> TASK STATEMENT
With the pictures left out, return exactly the lines from the one containing "画像: 益田鈍翁作 茶杓 歌銘「年暮」 昭和13年(1938) 展示:全期間" through the end of the listing below.
---------- INFORMATION PROVIDED ----------
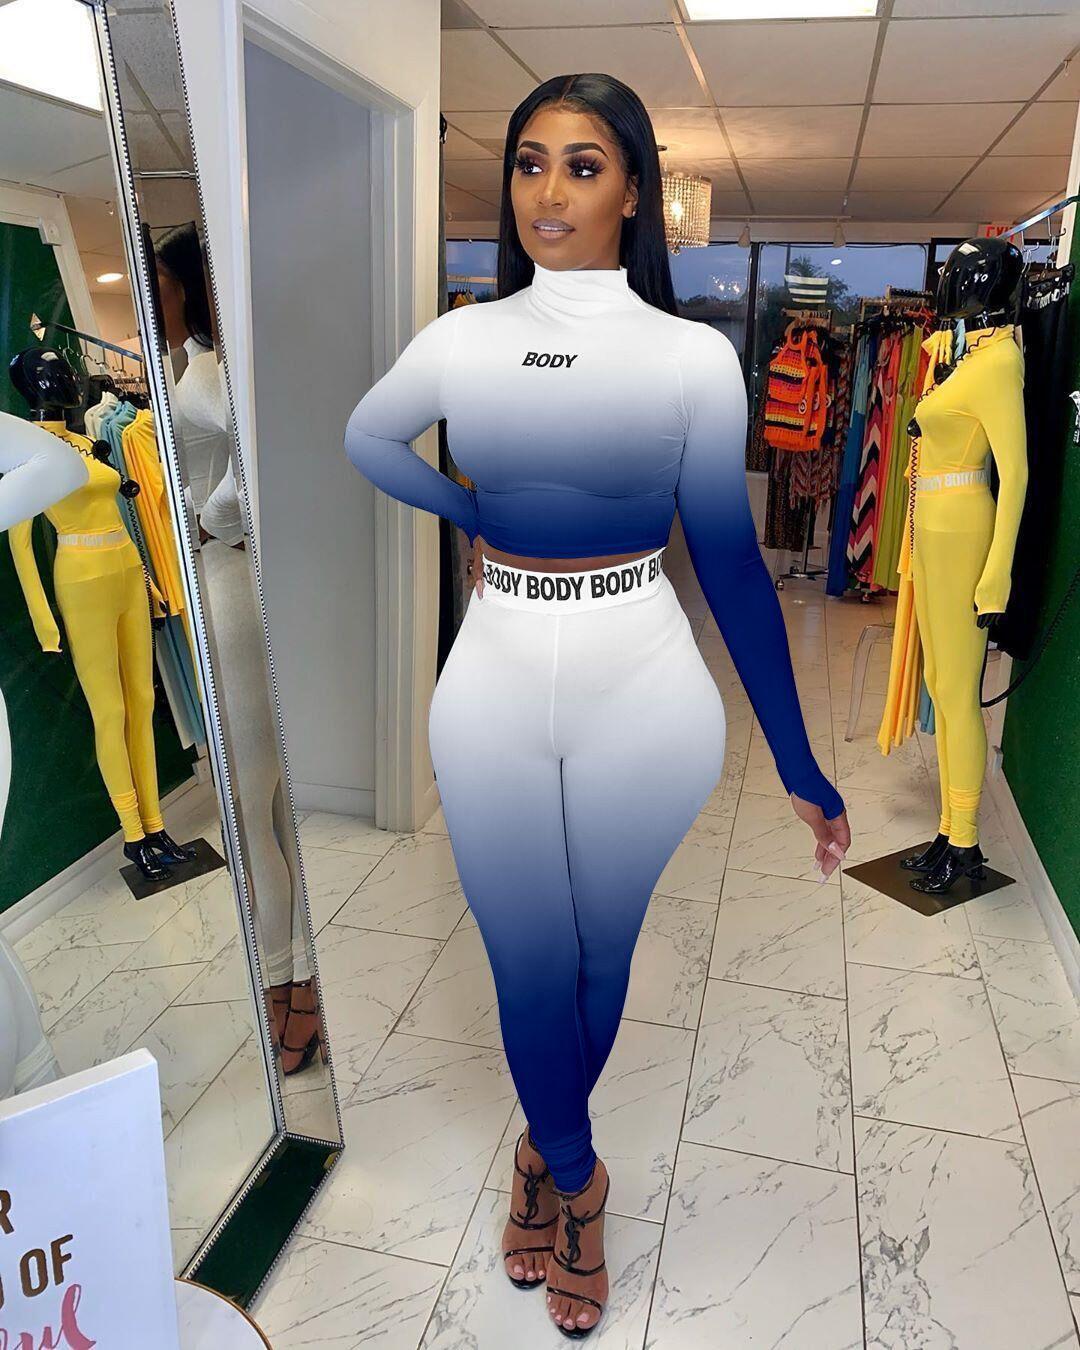 섹시한 여성 스포츠 정장 두 조각 세트 편지 인쇄 탑스 높은 허리 긴 바지 복장 패션 트랙 슈트 S-XXL
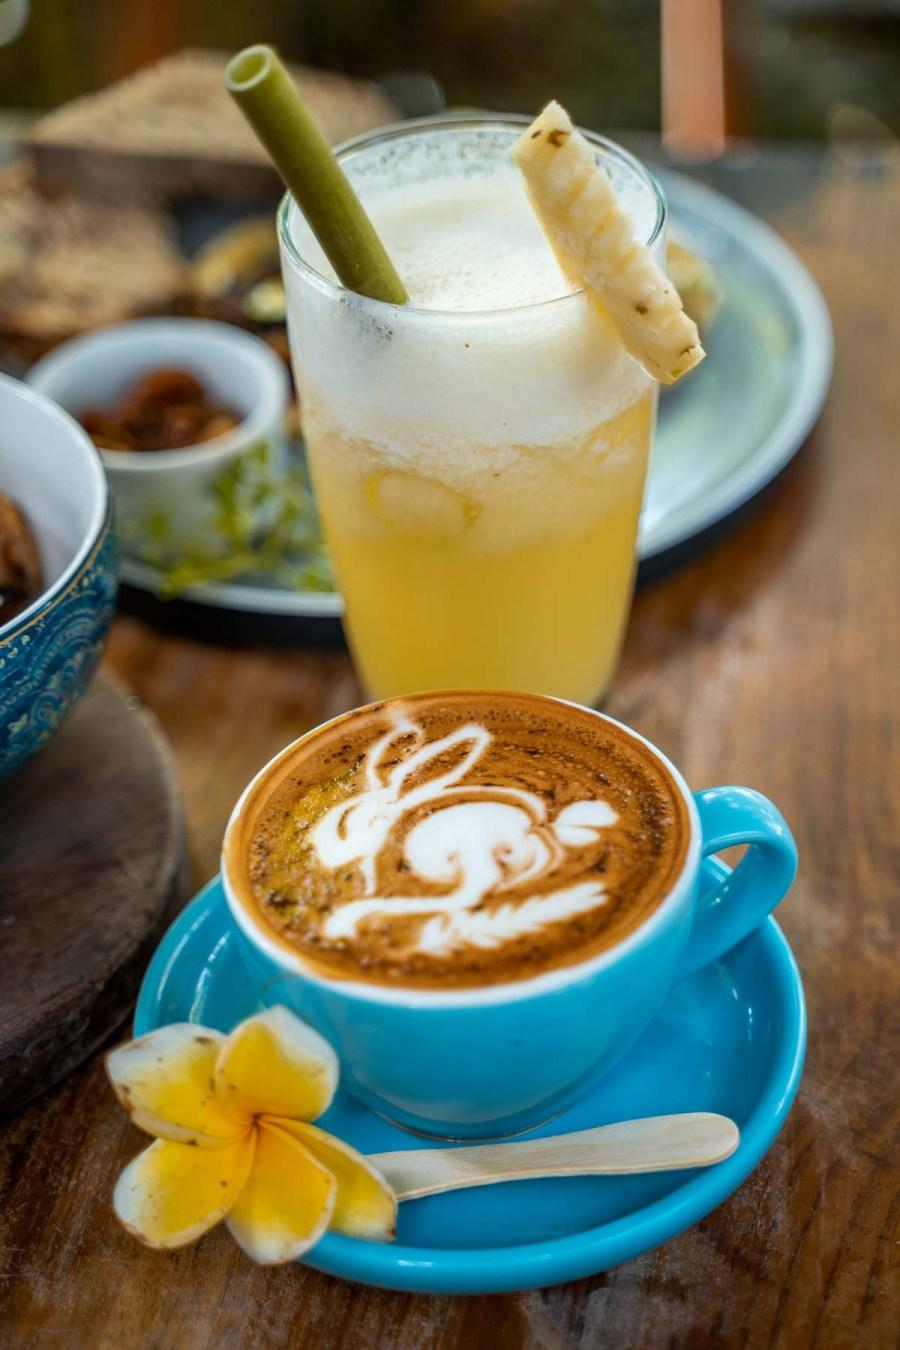 Morning cappuccino at the Shady Shack in Canggu, Bali
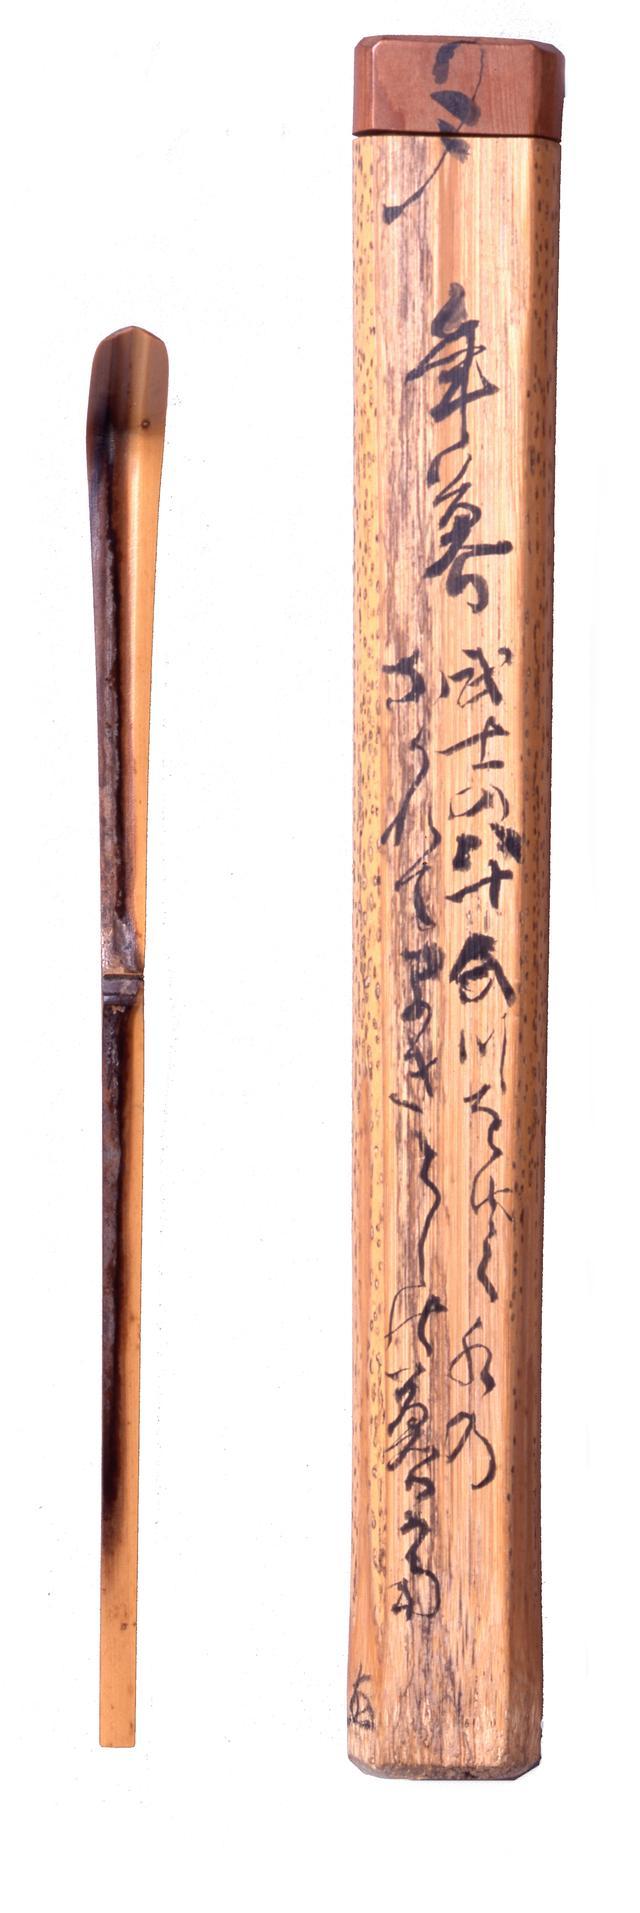 画像: 益田鈍翁作 茶杓 歌銘「年暮」 昭和13年(1938) 展示:全期間
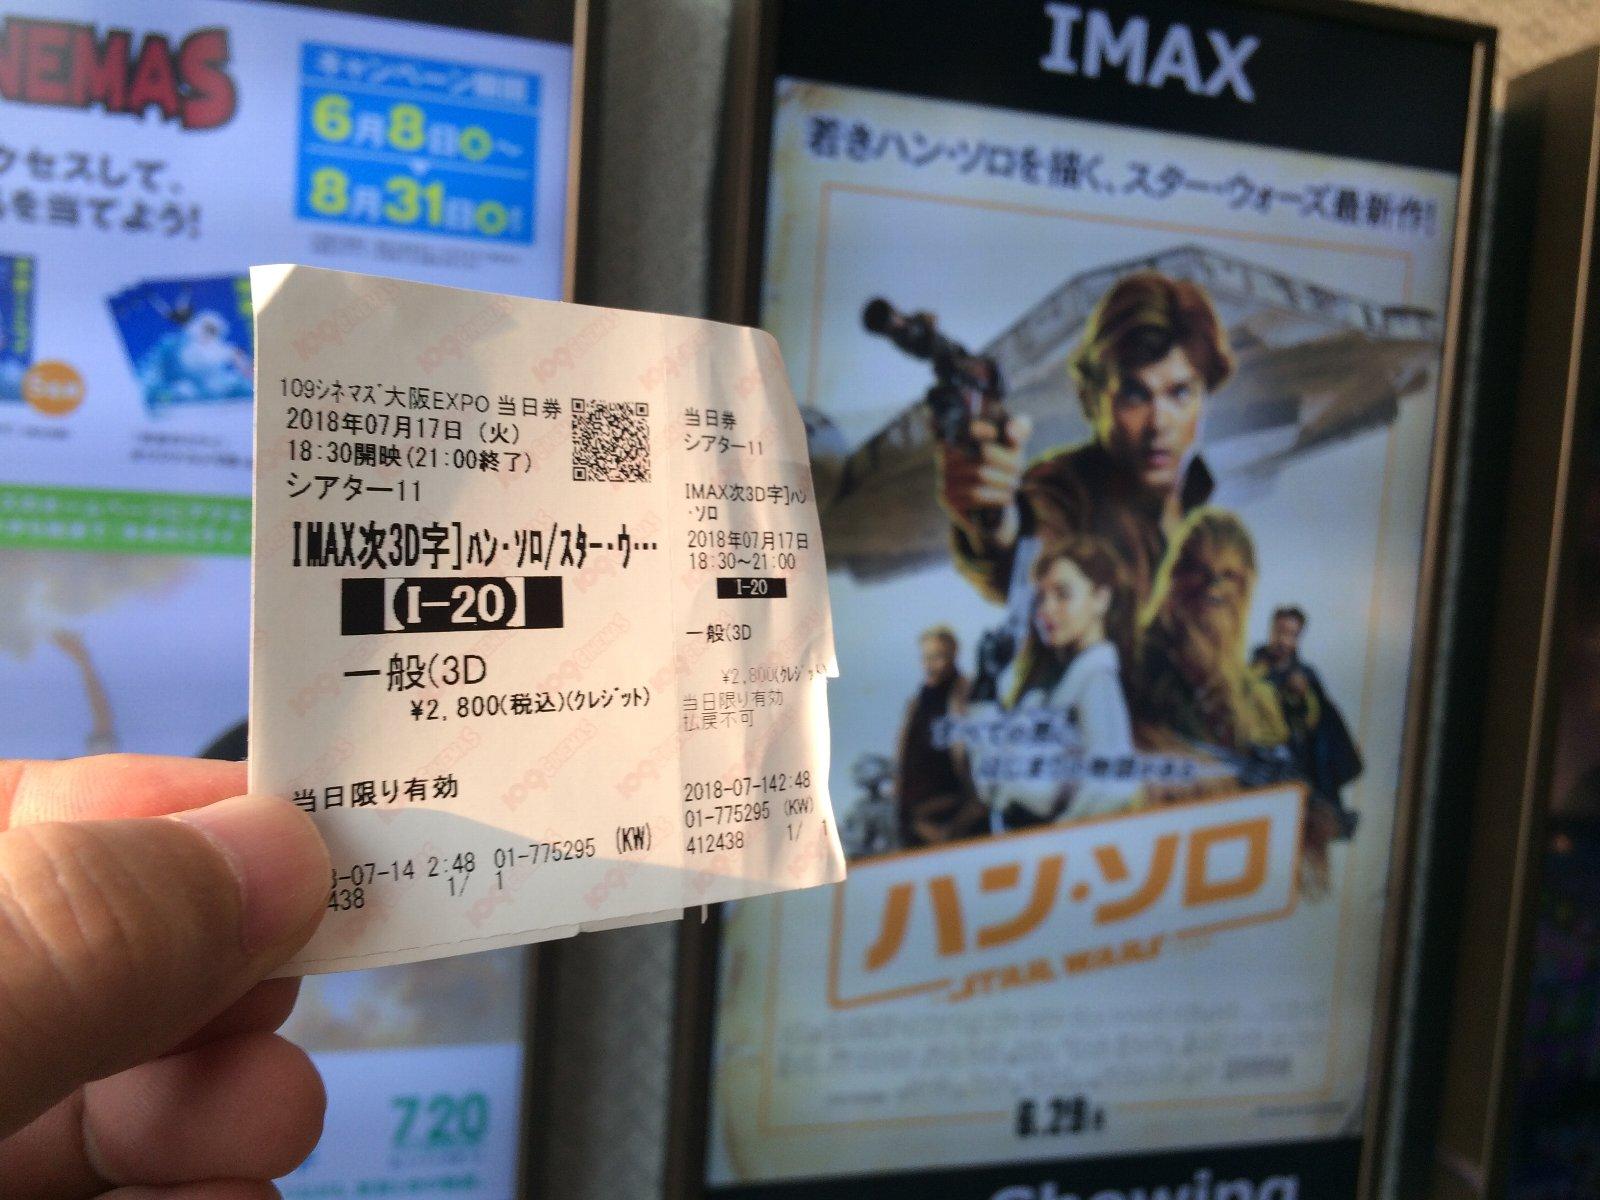 20180717 『ハン・ソロ』チケット
----------
> EXERCISE RESULT
 画像: 益田鈍翁作 茶杓 歌銘「年暮」 昭和13年(1938) 展示:全期間
 20180717 『ハン・ソロ』チケット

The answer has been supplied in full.